Step 14: Finish Bottom and Apply Finish
Remove the bowl from the lathe and sand the bottom to your liking. I mounted the bowl back in the lathe to apply a clear shellac finish to the outside and inside.
What scary lathe experiences do you have? I would love to hear them so I don't repeat them!
We have a be nice policy.
Please be positive and constructive.
Almost all of my jaw sets for my nova chucks have a dovetail profile for expansion gripping. They
will hold with a depth of as little as 1/8"; I usually go no deeper than 3/16", unless I see some
flaw in the wood that will cause it to split out under pressure. In any case, make sure there's
sufficient wood around the edge of the dovetail.
Or: for bowls like this, I've made the bottom thicker and screwed a faceplate to it. Drill out
the screwholes and insert decorative plugs. These can be either sawn off and sanded flush,
or left a little bit proud, giving the bowl some lift on its feet.
Be safe while sanding, Do not let your abrasives wrap around your hand or fingers. Ensure that
there's sufficient thickness by folding (some insist on folding in thirds, I find that it depends on
the abrasive and work) to keep built up heat from burning you. Always sand in the downward quadrant,
so that your fingers won't get jammed and the abrasive won't get thrown back at you. Watch out
for the corners of your fold; they can catch as badly as a mishandled gouge or chisel.

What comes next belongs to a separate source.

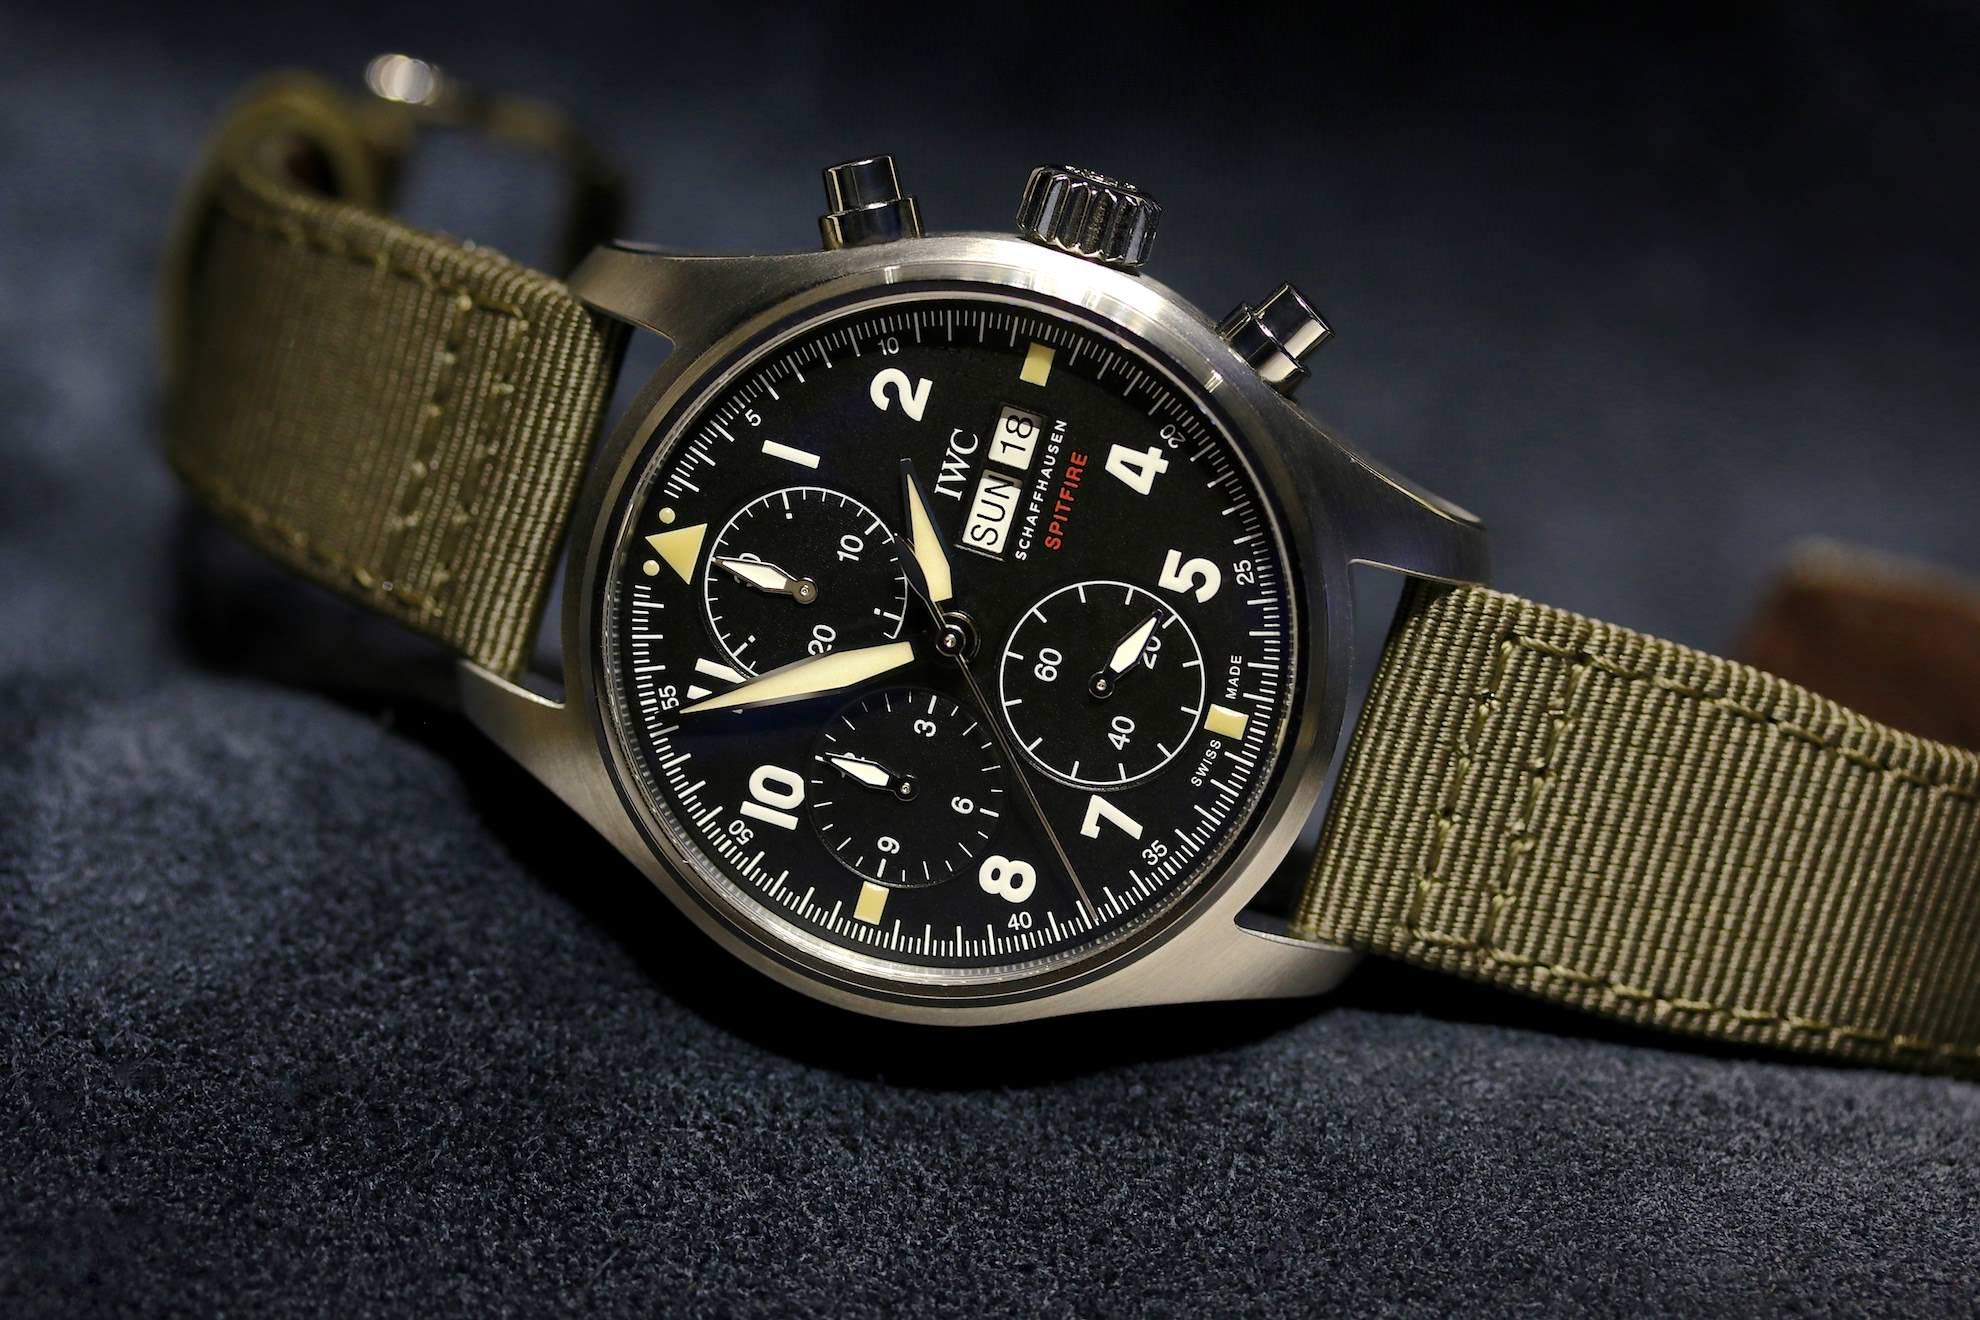 IWC_Pilots_Watch_Chronograph_Spitfire_2

Using a disk sander in the manner shown to flatten the rings is a recipe for disaster (or at least very
short fingernails). Find some other way to do it that keeps your hands away from the abrasive.
If you don't like the idea of sticking your hand deep inside a spinning bowl (and you shouldn't) or the
bowl is of a hollow design, glue up a few rings at a time, finish the insides while the bowl is still
shallow enough for comfort.
Maybe you need something like this http://lumberjocks.com/projects/19235
I have been looking for a sanding device to finish the inside of a bowl, but do not want to spend a fortune. Foolishly, I just pressed a piece of sand paper inside and gently moved it back & forth. Bad move. Last week while sanding the inside of a bowl, I ripped most of my index finger nail off. Yes it hurt, but I was more upset about getting blood on the newly turned bowl. I will not do that again. I like the Sorby sanding tool you used in the Instructable. I guess it's time to spend a couple of dollars to save the rest of my fingers.
I don't have a chuck so I screw a turned waste block to a face plate & glue the face plate to the bottom of a bowl. I use a piece of newspaper between the waste block & the bottom of the bowl to make it easier to remove it from the waste block. I cut a small kerf in the waste block to allow a sharp chisel to fit & separate it when I'm finished. I'm a newbie, but this has worked several times.